Include ready to use binary ITS1 DB in source tar-ball & wheel files.

v0.1.5

2019-04-29

Rework optional metadata integration and its display in summary reports.

v0.1.4

2019-04-25

Sort samples using the optional metadata fields requested in reports.

v0.1.3

2019-04-24

Can optionally display sample metadata from TSV file in summary reports.

v0.1.2

2019-04-17

Keep searching if onebp classifier perfect match is at genus-level only.

v0.1.1

2019-04-16

Expand default taxonomy & DB from Peronosporaceae to Peronosporales.

v0.1.0

2019-04-04

Include a bundled ITS1 DB.

v0.0.15

2019-04-03

Support for genus-level only entries in the DB.

v0.0.14

2019-04-01

MD5 in dump output.

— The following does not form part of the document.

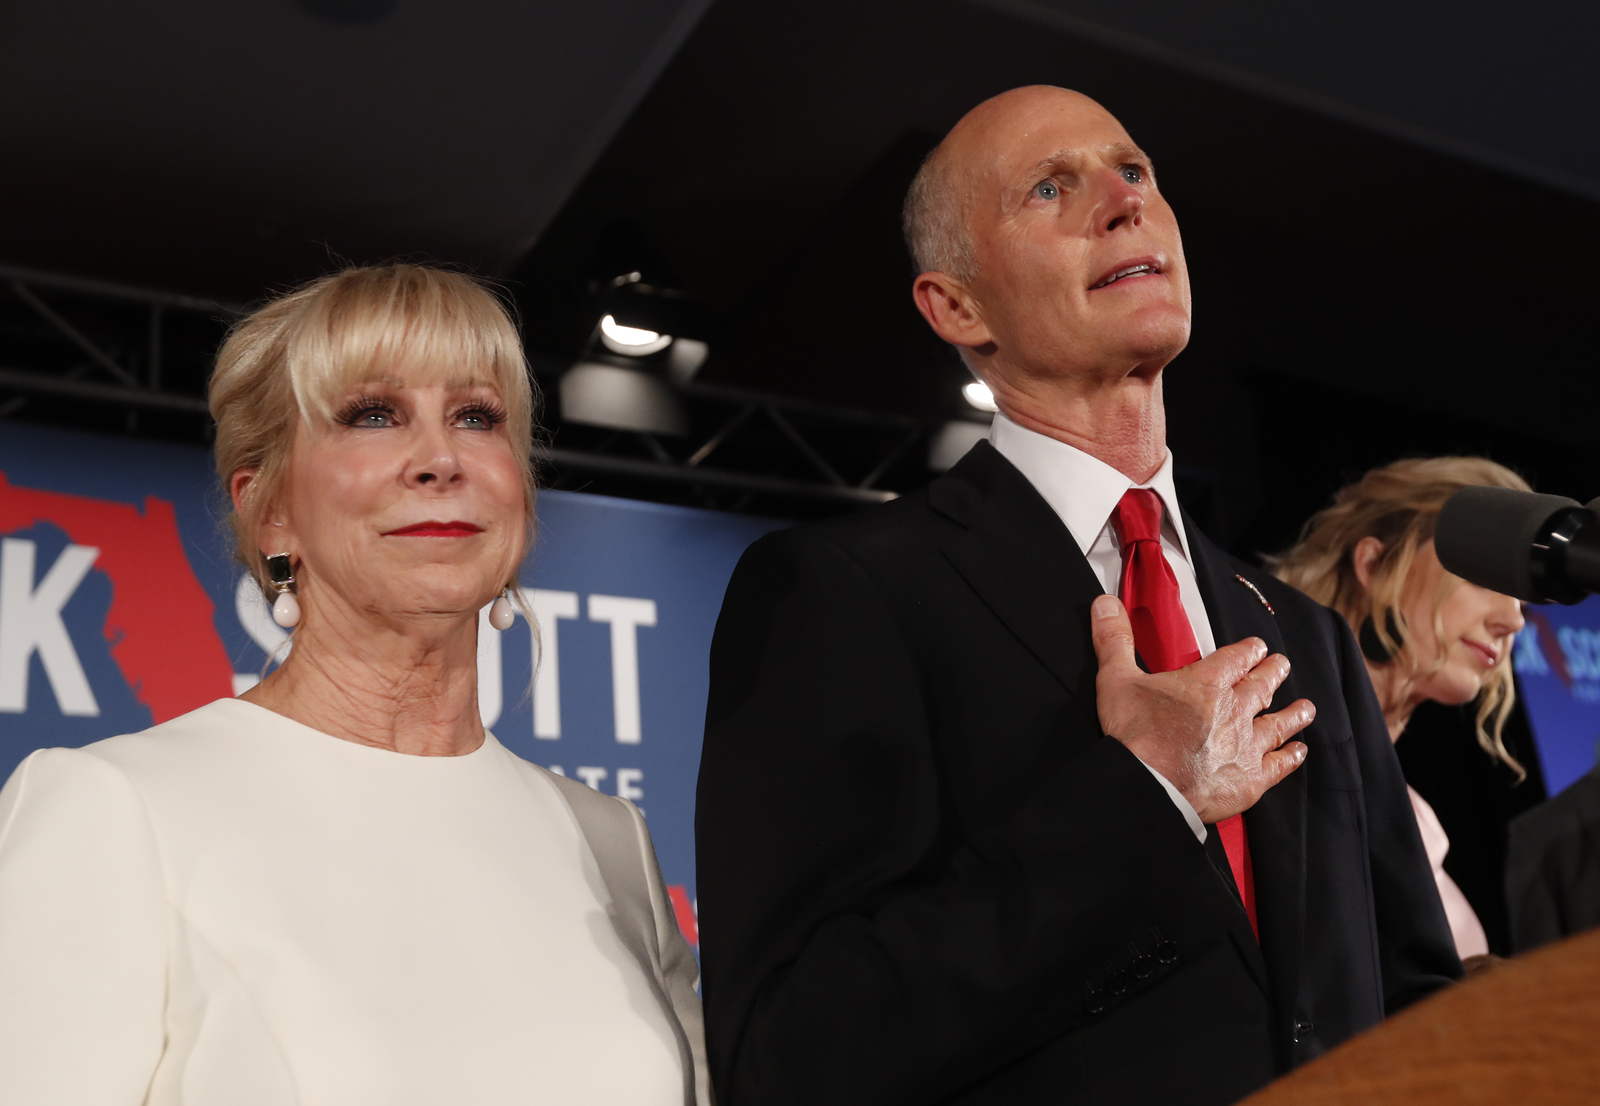 Recuento. El gobernador republicano Rick Scott ganó el Senado por Florida sobre el actual senador demócrata Bill Nelson.
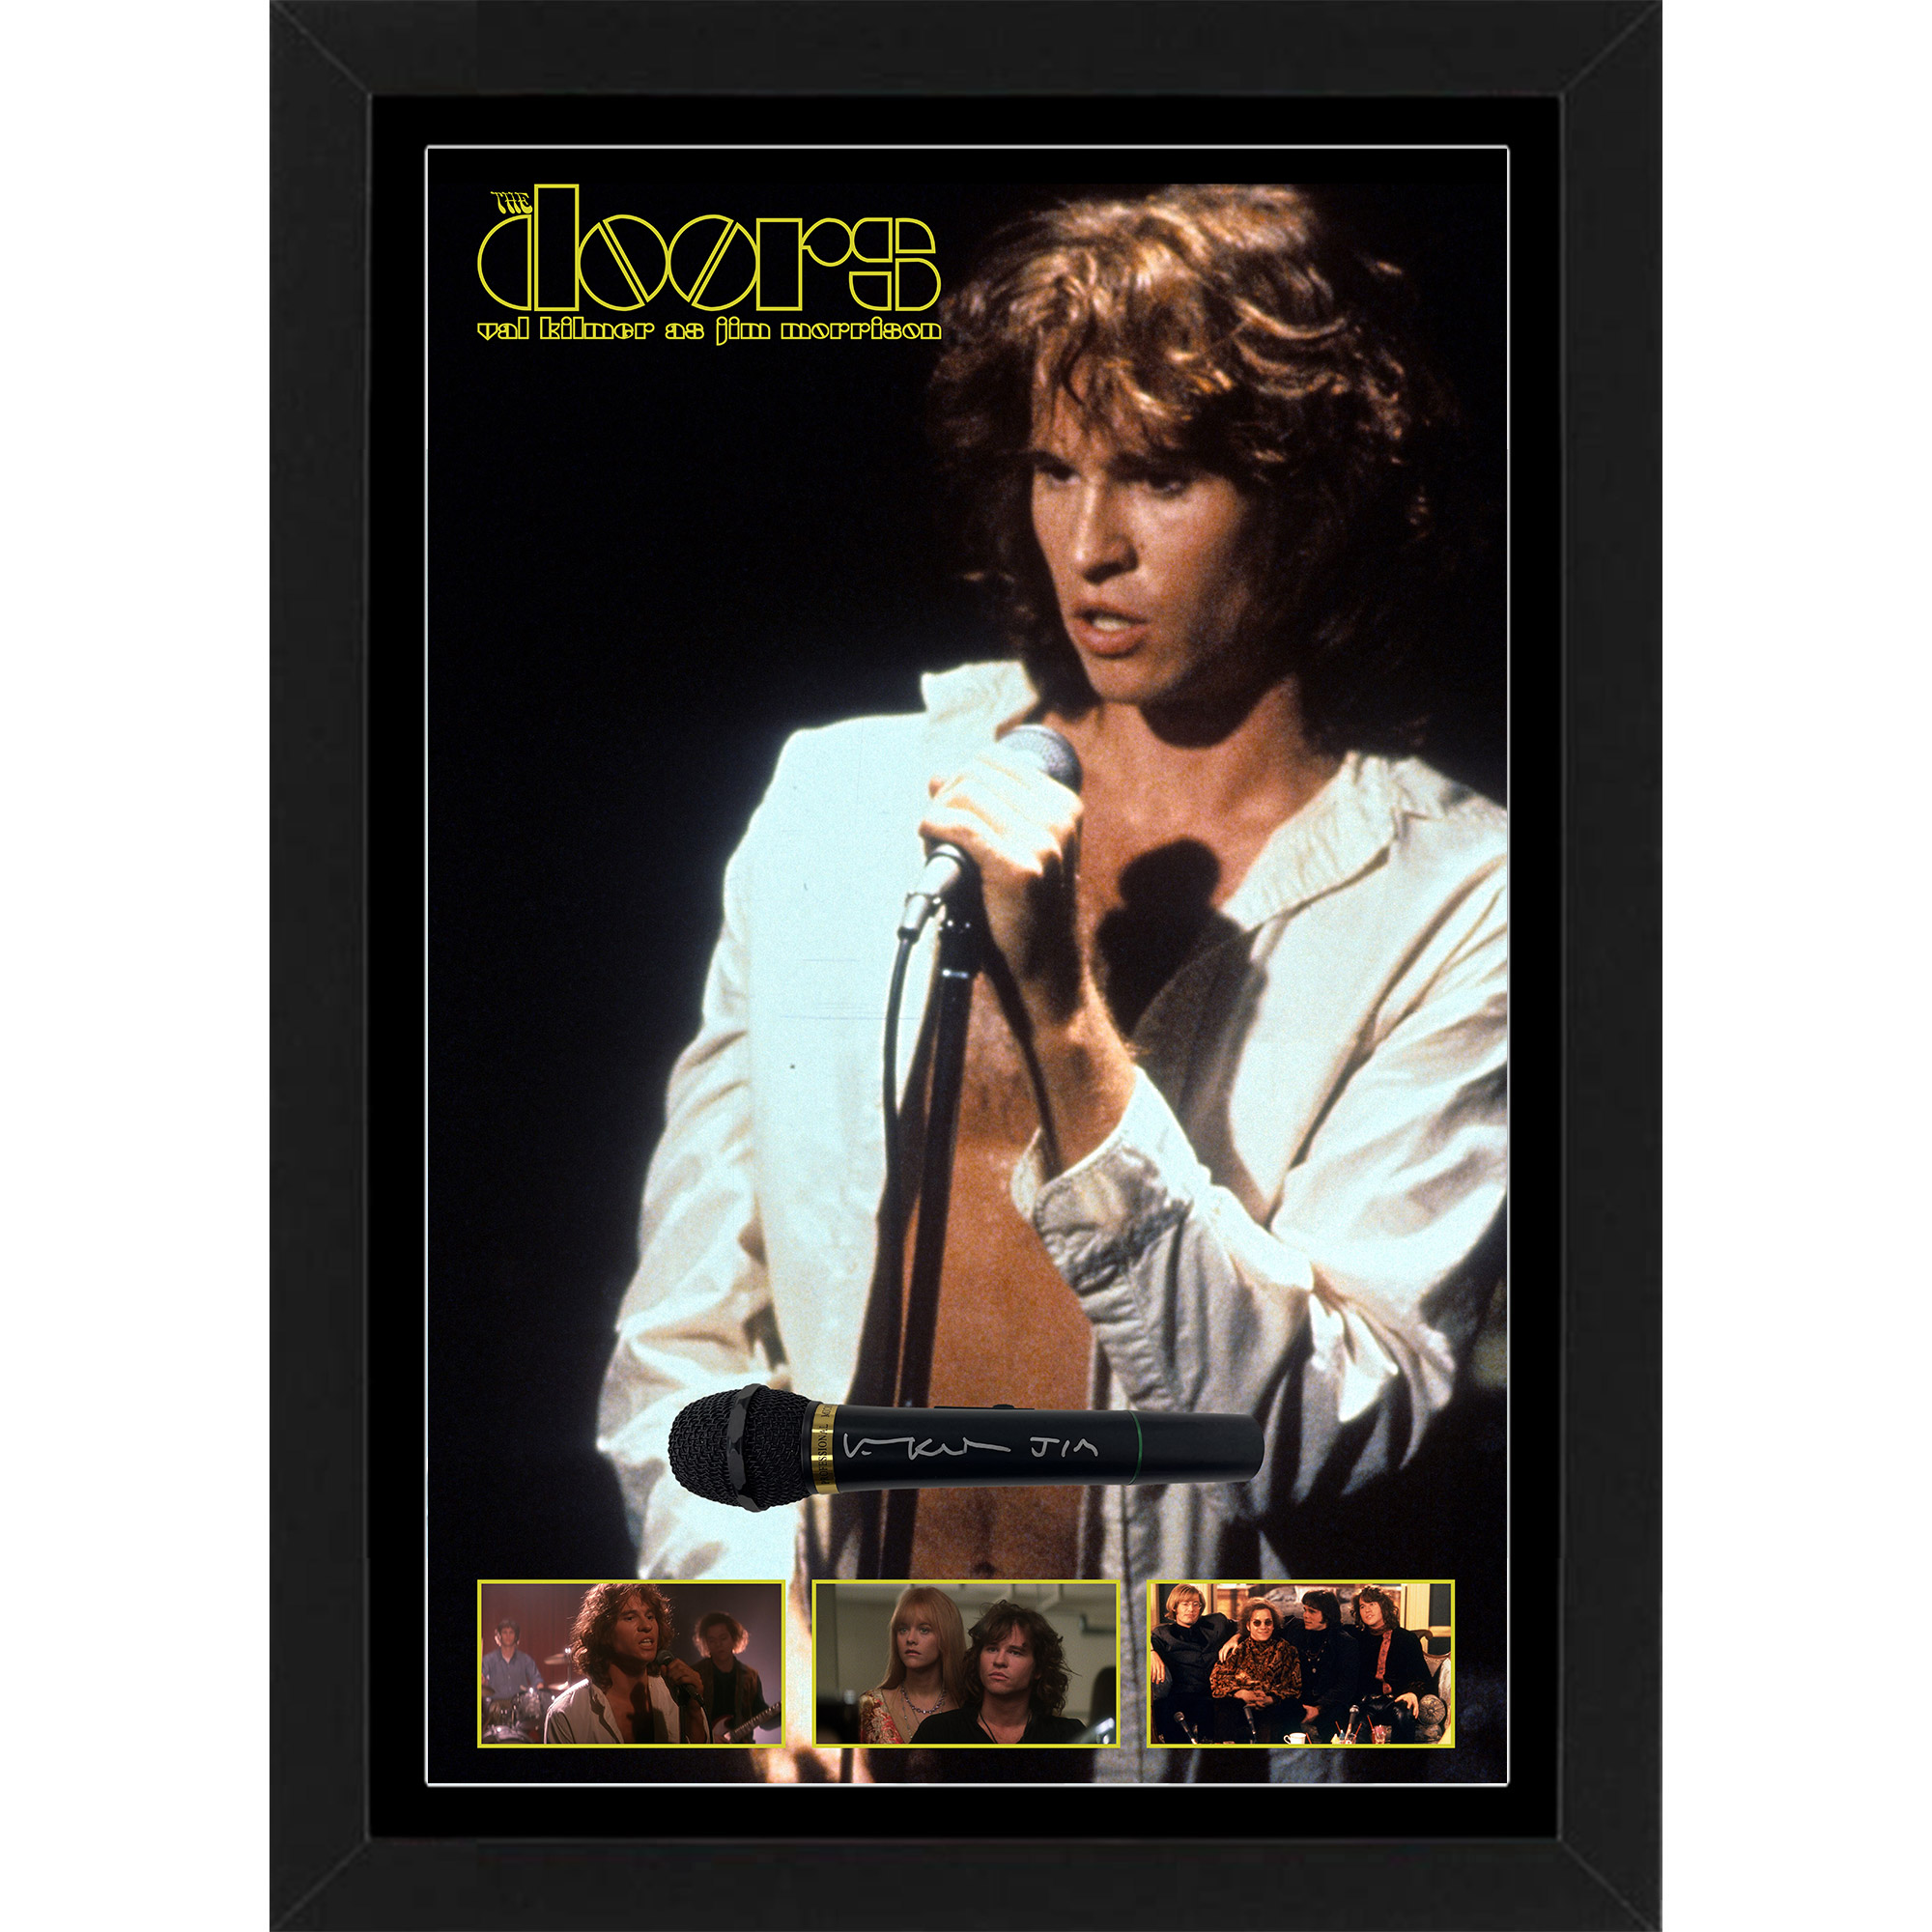 Val Kilmer – “The Doors (1991)” Signed & Framed...

Fix importing sequences failing taxonomic validation.

v0.0.13

2019-03-22

Drop conserved 32bp when primer trim. Assess at sample level by default.

v0.0.12

2019-03-11

Fix bug in swarmid classifier.

v0.0.11

2019-03-08

Sped up FASTQ preparation by using flash instead of pear v0.9.6.

v0.0.10

2019-03-06

Replace primer code allowing only 1bp differences with cutadapt.

v0.0.9

2019-03-05

Look for expected primers, discards mismatches. Cache HMM files locally.

v0.0.8

2019-02-21

Fix multi-class TN under-counting. New loss metric, swarmid classifier.

v0.0.7

2019-02-12

New plate-summary command, onebp classifier.

v0.0.6

2019-02-07

Misc. cleanup and import fixes.

v0.0.5

2019-02-06

Hamming Loss in assessment output.

v0.0.4

2019-01-24

New seq-import command, blast classifier, multi-taxon predictions.

v0.0.3

2019-01-22

Simplify generated filenames.

v0.0.2

2019-01-21

New assess command.

v0.0.1

2019-01-17

Initial framework with identity and swarm classifiers.